Cap Leech drifted to the front of the wagon where the red tipped springy shafts lay bent to the left, wheels stopped dead in an unfinished
sudden turn, kicked the wood lightly and hunched off toward the out buildings. He stood still a moment in the black yard and, feet apart, hands in pockets, peered into the dizzy triangulated night. Between heaven and earth not a rattling cough as he moved and approached the barn.

Wood, sapless, creosoted, he smelled it briefly anchored to the leveled sand. Whatever grass there was grew like a fire at the edge of a ditch along the uneven beginning of the barn floor, a few blades trickling inward between cracks in the faintly urinated planks; a clump also at the bottom of one adjoining fence post.
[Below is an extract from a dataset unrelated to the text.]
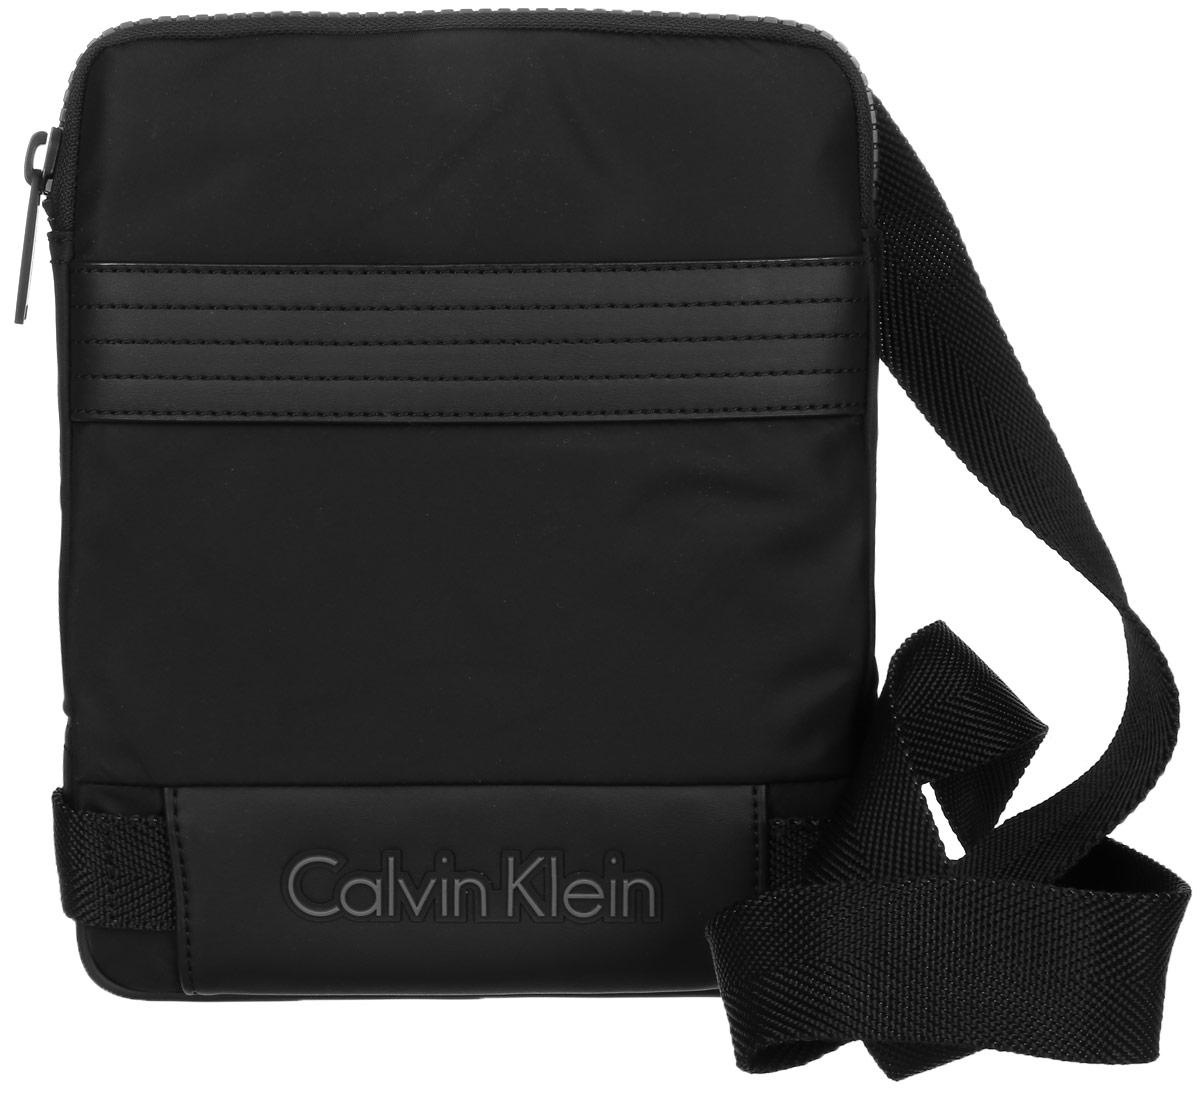 Сумка мужская Calvin Klein Jeans, цвет: черный. K50K502037_001K50K502037_001Стильная сумка Calvin Klein Jeans выполнена из полиамида и нейлона. Изделие содержит одно большое отделение, которое закрывается на застежку-молнию. Внутри сумки размещены один кармашек на застежке-молнии и один накладной открытый. Спереди сумка так же дополнена открытым накладным карманом. Сумка оснащена плечевым ремнем регулируемой длины. Оформлена модель надписью с названием бренда. В комплекте с изделием поставляется чехол для хранения.

He looked up at, listened to, the open loft. A bundle of unused hay sat there across the brittle arms of a stored and dusty rocker.

Leech stepped toward the barn, away from it, knowing scarcely where to begin, but feeling all the while—there were cicadas under his feet, over to the rise a redolent horse face in the sand—as if he were treading a place of windgall. Back again, softly, he peered inside, craned. There were the bins and roosts, pigeon holes for the ghosts of an animal world under an unsafe roof, all the bitter windings of a fence to be restrung or left barbed in the corner; here he could listen to the twilight of newborn field mice or hide wrapped in a litter of old ropes.